In July of the previous year, the Wall Street Journal claimed, citing anonymous sources, that Ma may give up control of Ant by delegating part of his voting authority to Ant employees such as Chief Executive Officer Eric Jing. A few days after Ma openly criticised authorities in a speech in October 2020, Ant’s market listing in Hong Kong and Shanghai was stalled. Since that time, the huge enterprise he controls has been the subject of regulatory scrutiny and is undergoing a restructure.

Since the regulatory crackdown that has reined in the country’s technological titans and done away with a laissez-faire strategy that fostered fast expansion, Ma has mainly concealed himself from public view. In the past, Ma was known for his outspokenness. According to Andrew Collier, managing director of Orient Capital Research, “Jack Ma’s resignation from Ant Financial, a firm he established, illustrates the resolve of the Chinese authorities to decrease the power of significant private investors.” Ant Financial is an online financial services provider.

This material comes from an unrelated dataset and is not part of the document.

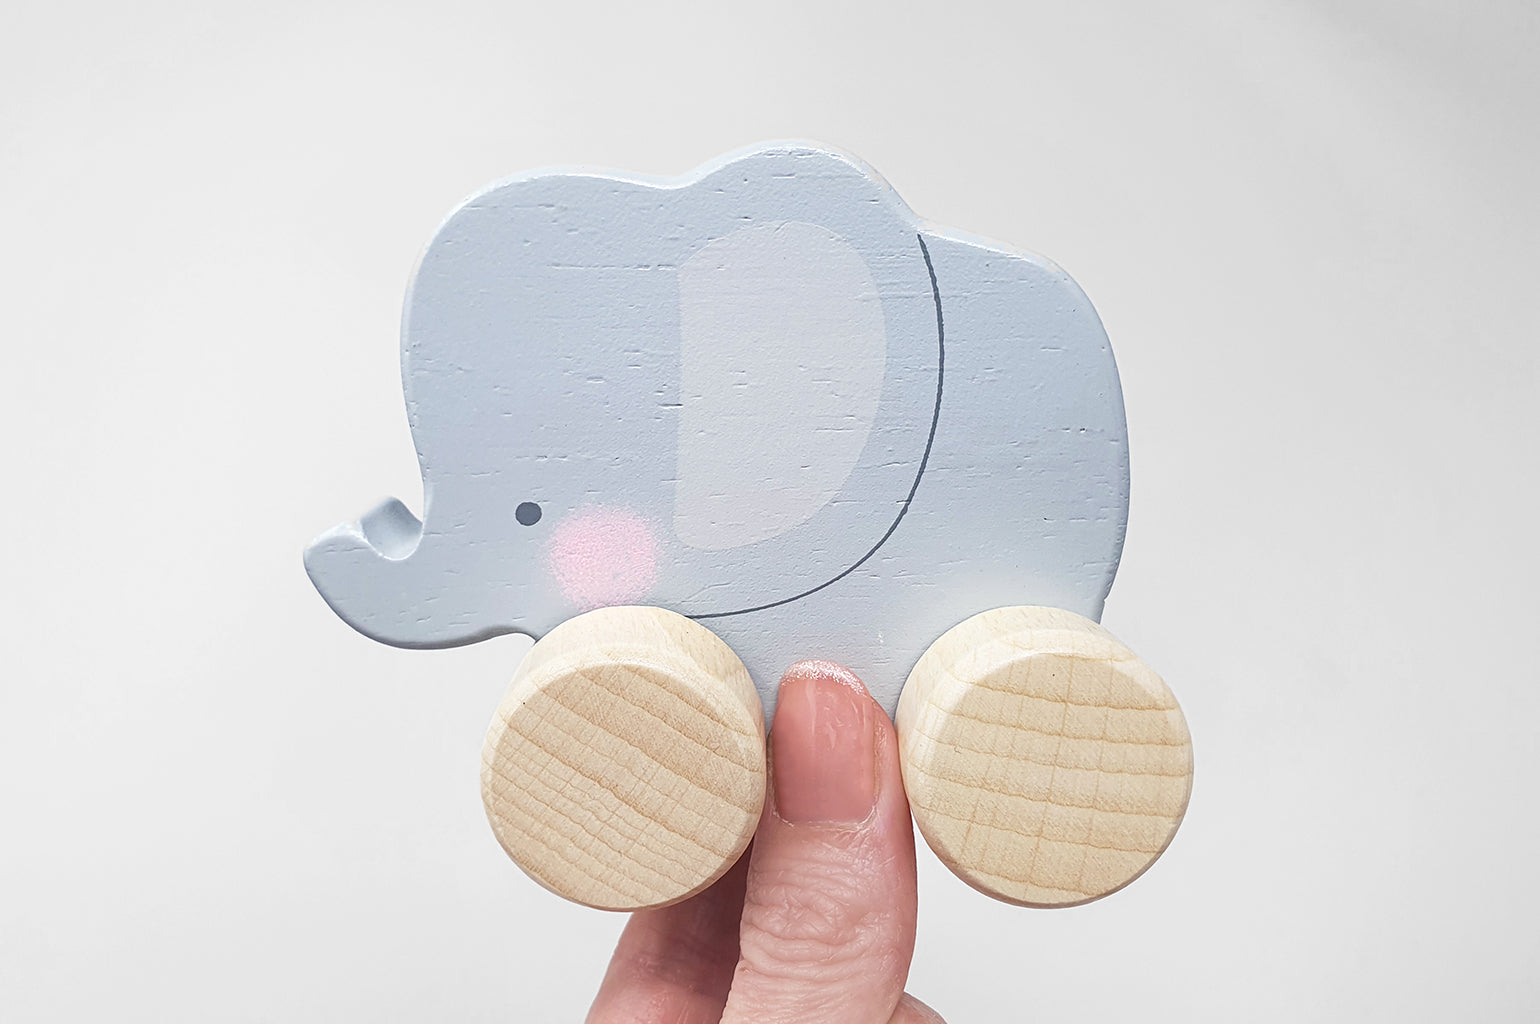 Wooden Elephant on wheels Toddler Push Toy
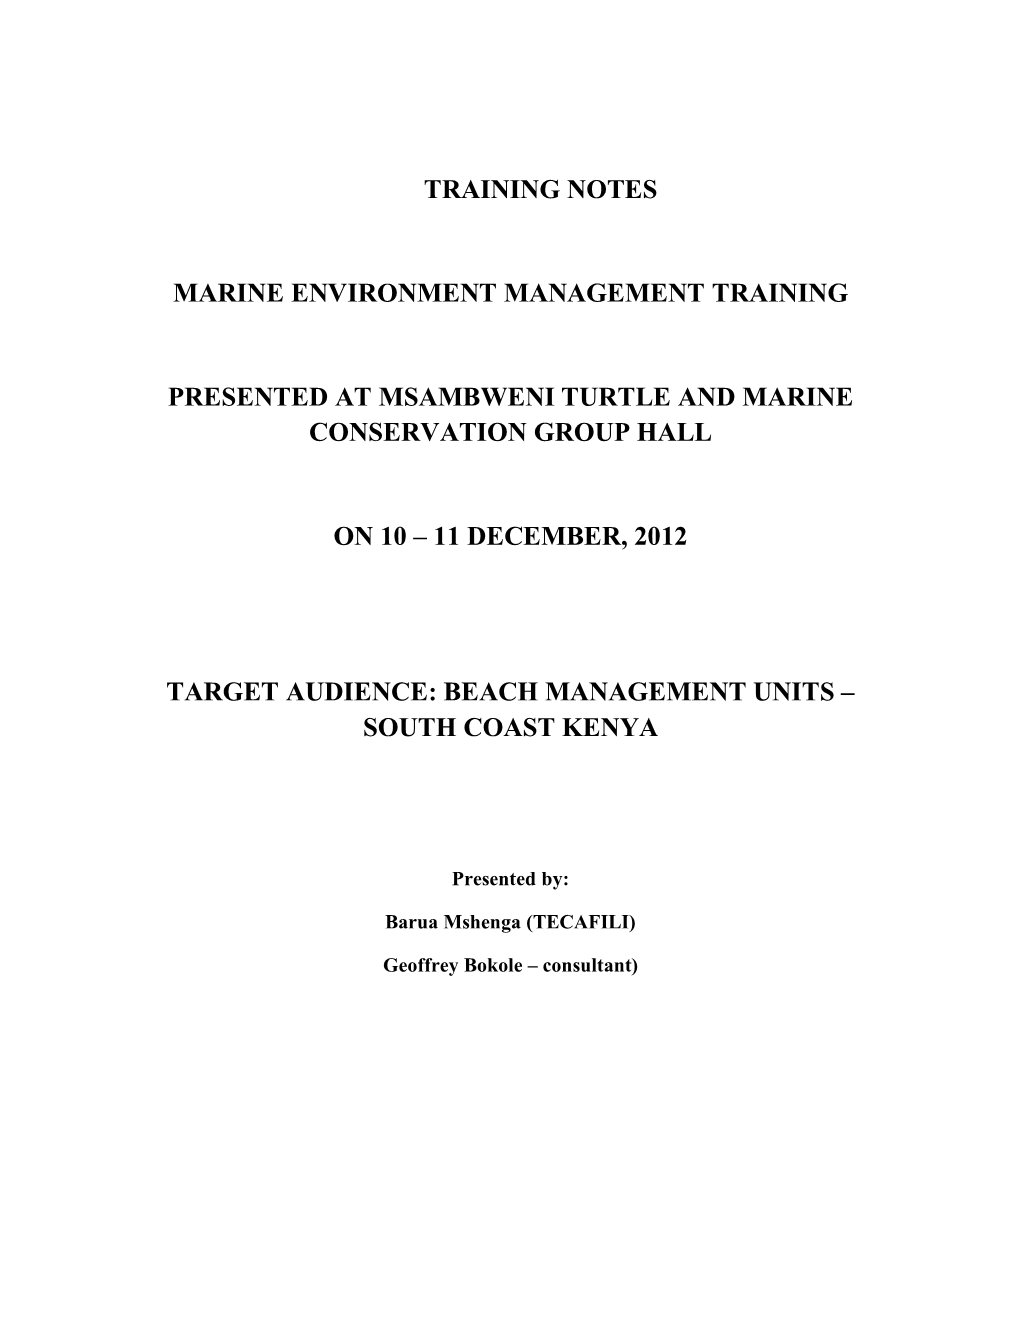 Marine Environment Management Training

“The most productive areas of the Chinese economy will continue to suffer as a direct result of this trend.”

According to a story from Reuters from last year, Ant and Alibaba have been untangling their operations from each other and individually pursuing new business in response to the disapproval of monopolies and unfair competition by Chinese government authorities. Confirming a shift that began in the middle of the previous year, Ant said on Saturday that its management will no longer participate in the Alibaba Partnership, which is a group that has the ability to propose the majority of the board members for the e-commerce behemoth.